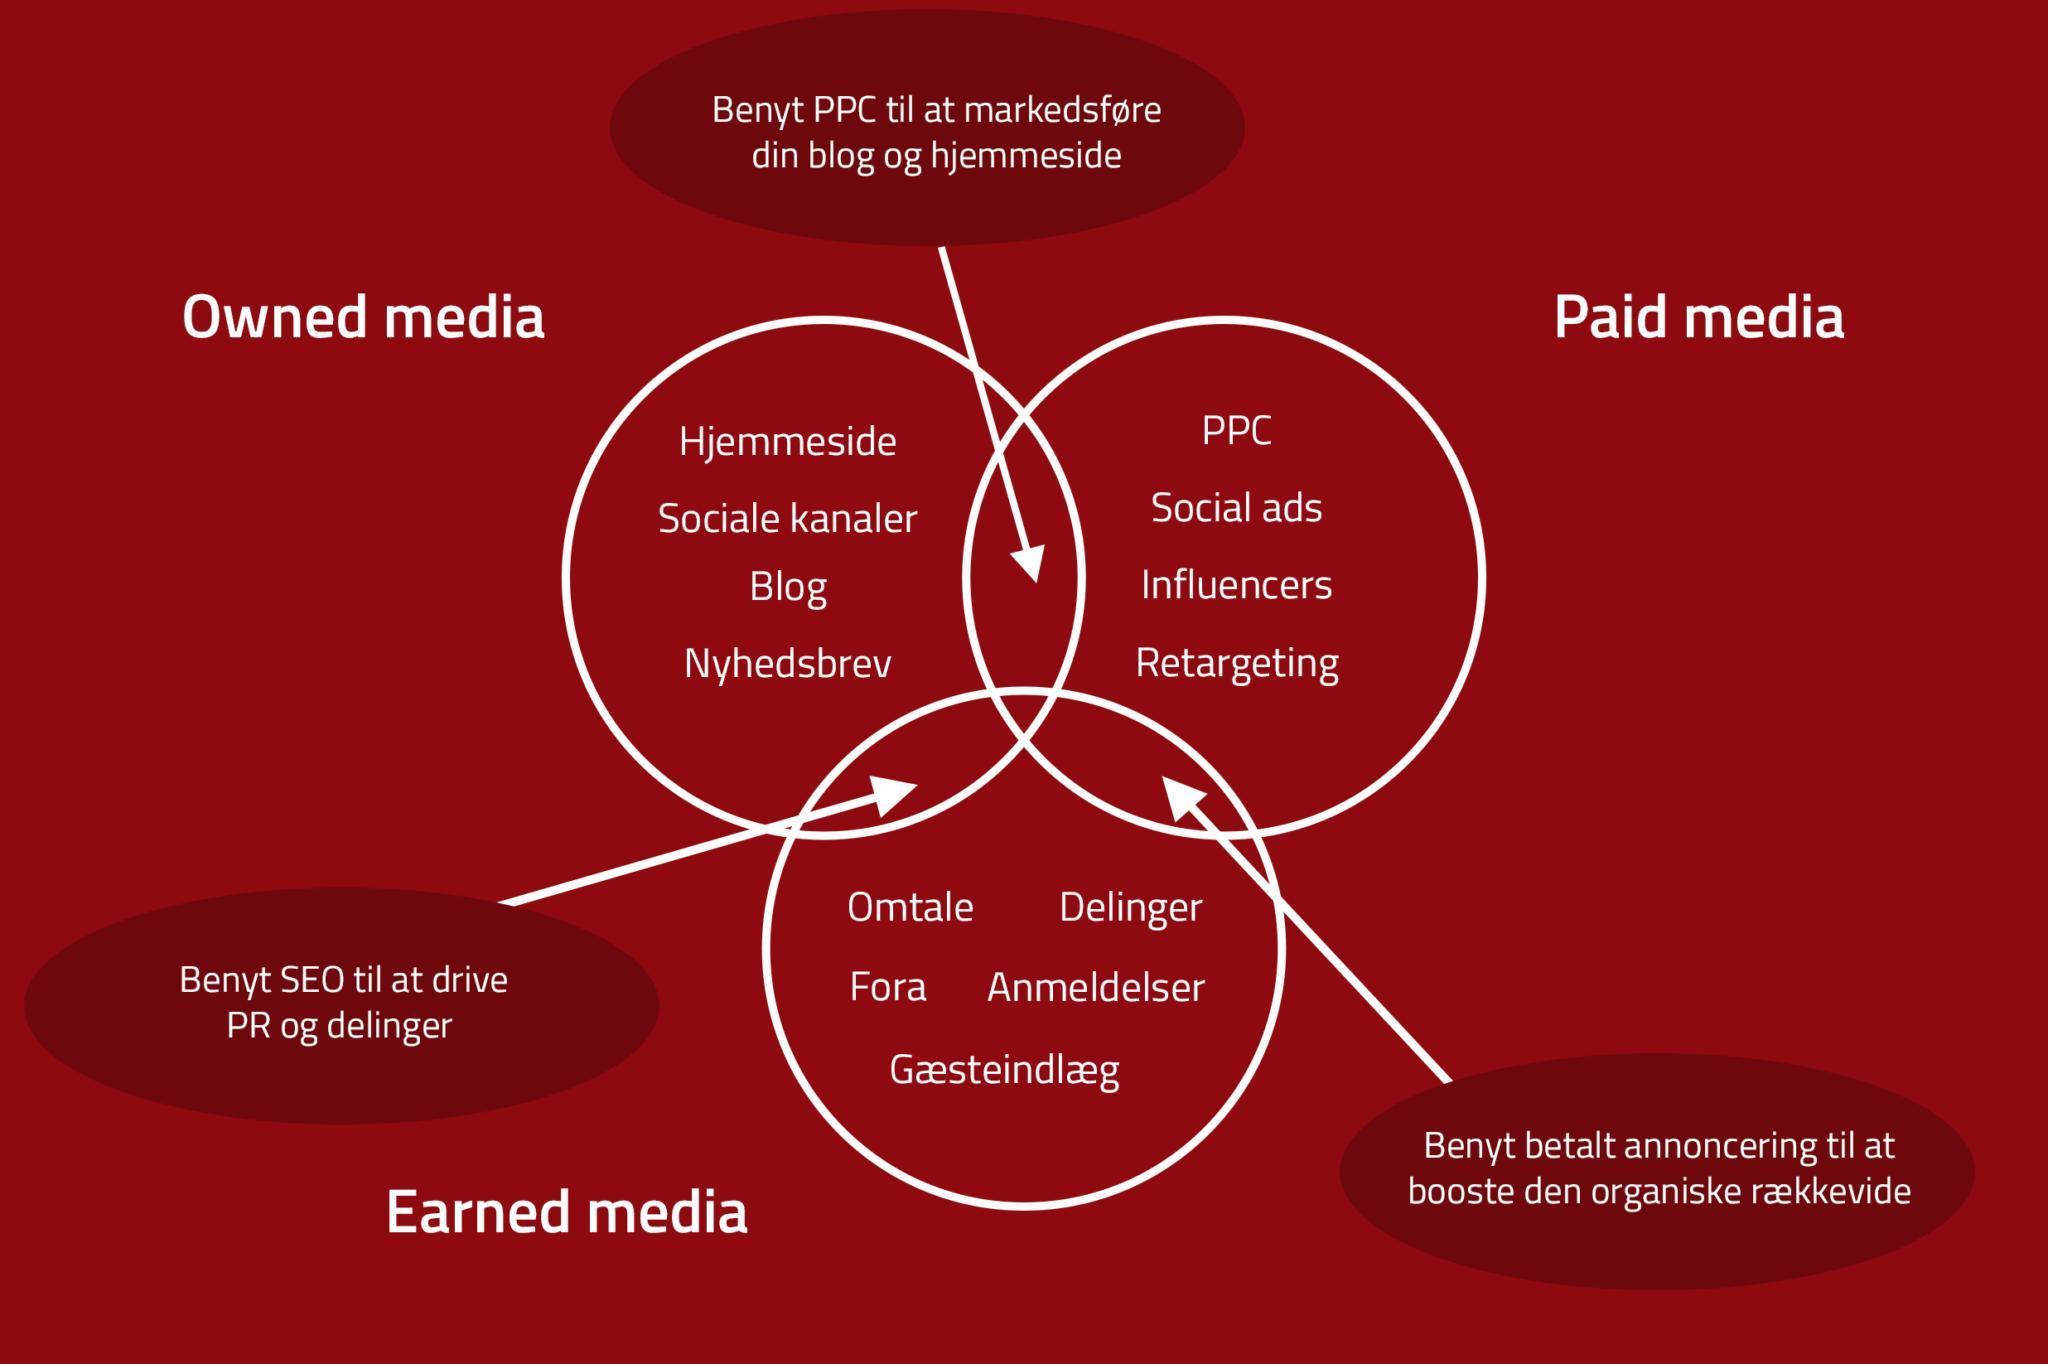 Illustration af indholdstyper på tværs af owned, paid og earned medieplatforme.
* * *
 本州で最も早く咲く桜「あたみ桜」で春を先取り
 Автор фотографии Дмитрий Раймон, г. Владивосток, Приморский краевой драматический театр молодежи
---
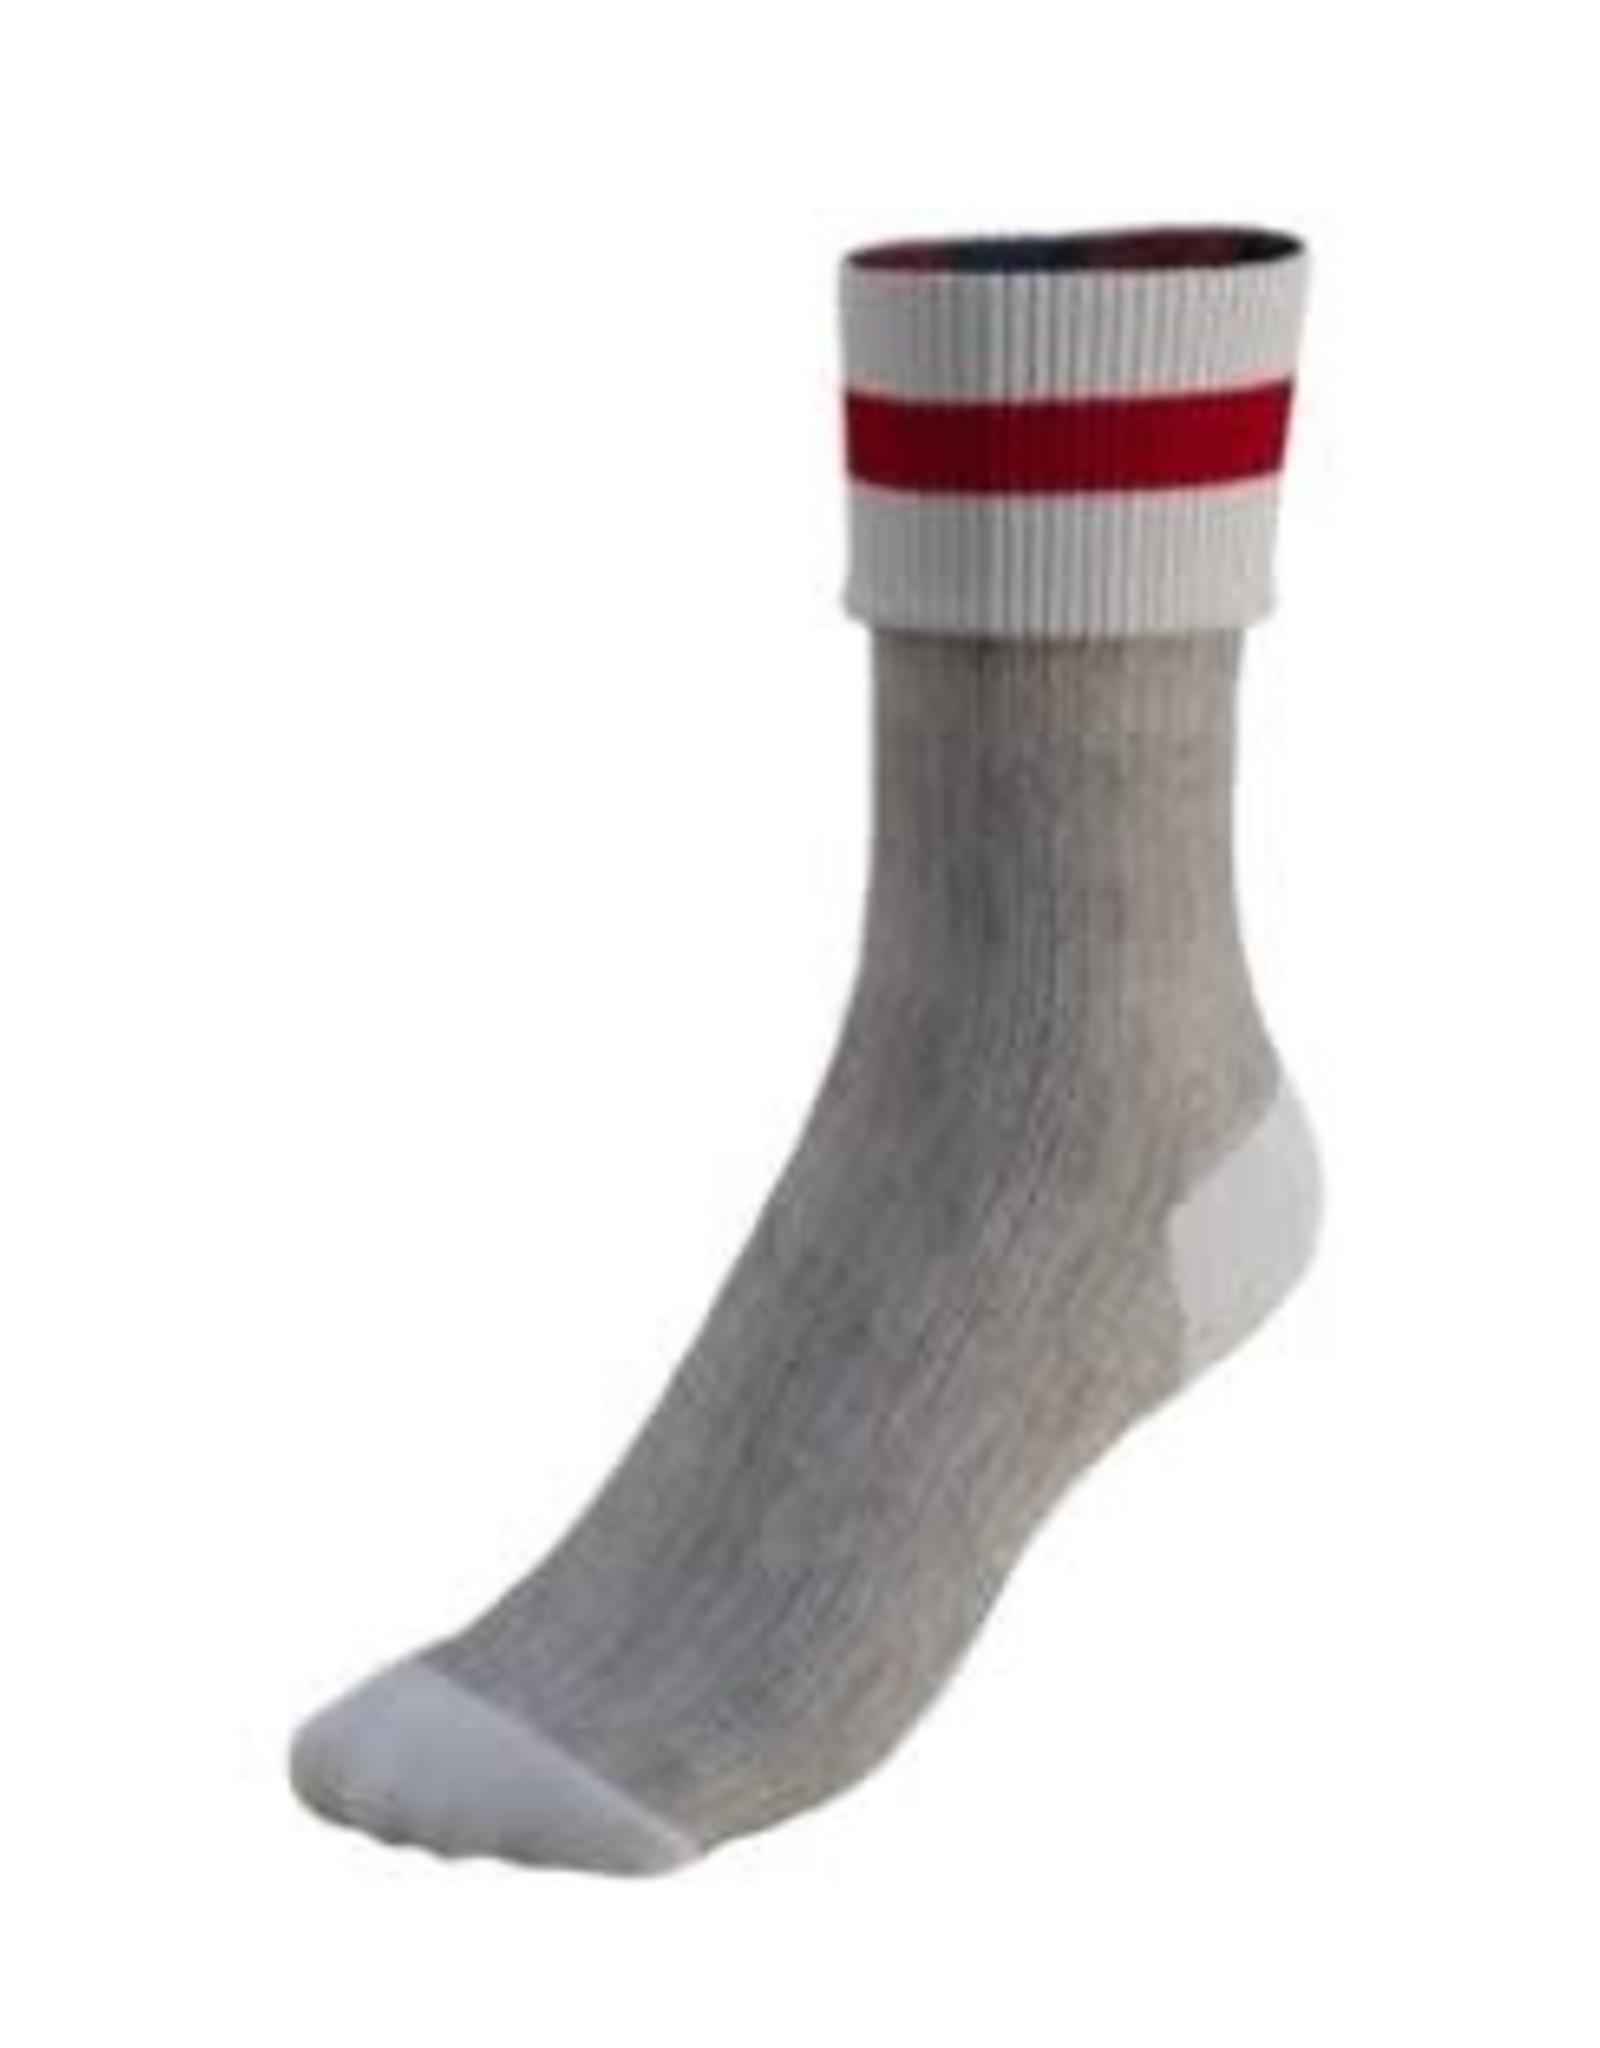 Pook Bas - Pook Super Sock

WHAT YOU SHOULD DO:
Would you please copy, word for word, everything above from the line containing "本州で最も早く咲く桜「あたみ桜」で春を先取り" down to the line containing "Автор фотографии Дмитрий", those two lines included?

TASK OUTPUT:
 本州で最も早く咲く桜「あたみ桜」で春を先取り
 Автор фотографии Дмитрий Раймон, г. Владивосток, Приморский краевой драматический театр молодежи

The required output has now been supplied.